Ainsi, ces lieux mythiques de l’exploration spatiale; la Cité des Etoiles en Russie, les centres de lancement Cap Canaveral aux Etats Unis, Baïkonour au Kazakhstan et Ariane Espace en Guyane, les observatoires d’étoiles dans le désert de l’Atacama au Chili, au Nouveau Mexique ou encore dans le Nevada, la base de simulation martienne dans le désert rouge de l’Utah, se font décors de cinéma où Jacques Tati croiserait Jules Verne ou Stanley Kubrick.

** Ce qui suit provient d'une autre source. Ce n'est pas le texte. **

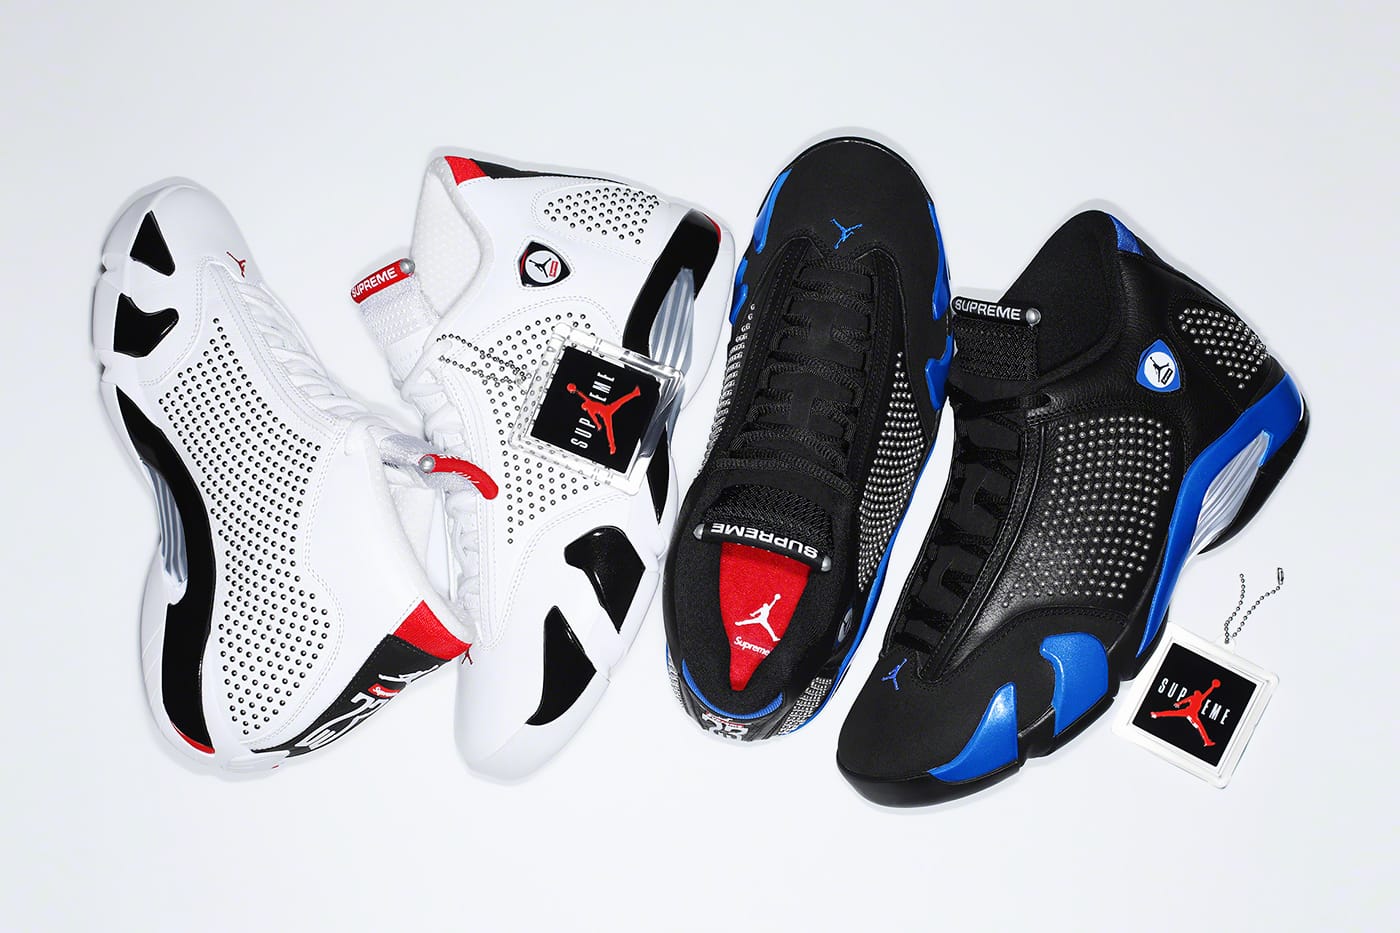 Supreme®/Nike Air Jordan XIV

Ce travail prends actuellement une nouvelle résonance avec le développement d’une nouvelle course aux étoiles mais cette fois par le secteur privé de l’industrie aérospatiale et robotique.

Vincent Fournier


Post Natural History

Au croisement du surréalisme et de la technologie, le bestiaire “Post Natural History” imagine l’évolution possible du monde vivant après Darwin. Comme un cabinet de curiosités du futur, les photographies révèlent une collection d’espèces en voie d’apparition : un paon à l’exosquelette en argent serti de diamants, une libellule au fragile abdomen de verre doté d’un capteur luminescent qui mesure la qualité de l’air, un scarabée au GPS intégré dans son antenne métallique… Gravées sur une plaque en laiton, des explications «scientifiques» légendent les images, renforçant paradoxalement tant la réalité que la fiction contenues dans ces photographies. D’une beauté à la fois étrange et familière, ce bestiaire poétique et sensible interroge notre relation à la nature et à la technologie.

Mélangeant Histoire et anticipation, mémoire et science-fiction, le projet «Post Natural History» comporte 3 cycles : les Fleurs de Chair — reflexion sur l’idée de chair artificielle, le bestiaire fantastique et technologique — projection d’une nature re programmée par l’Homme d’après la biologie synthétique et la cybernétique, et le cœur indestructible en or et gemmes — premier prototype d’un organe hybride conçu aussi comme un bijou. La technologie après avoir été une extension du corps rentre désormais à l’intérieur du corps.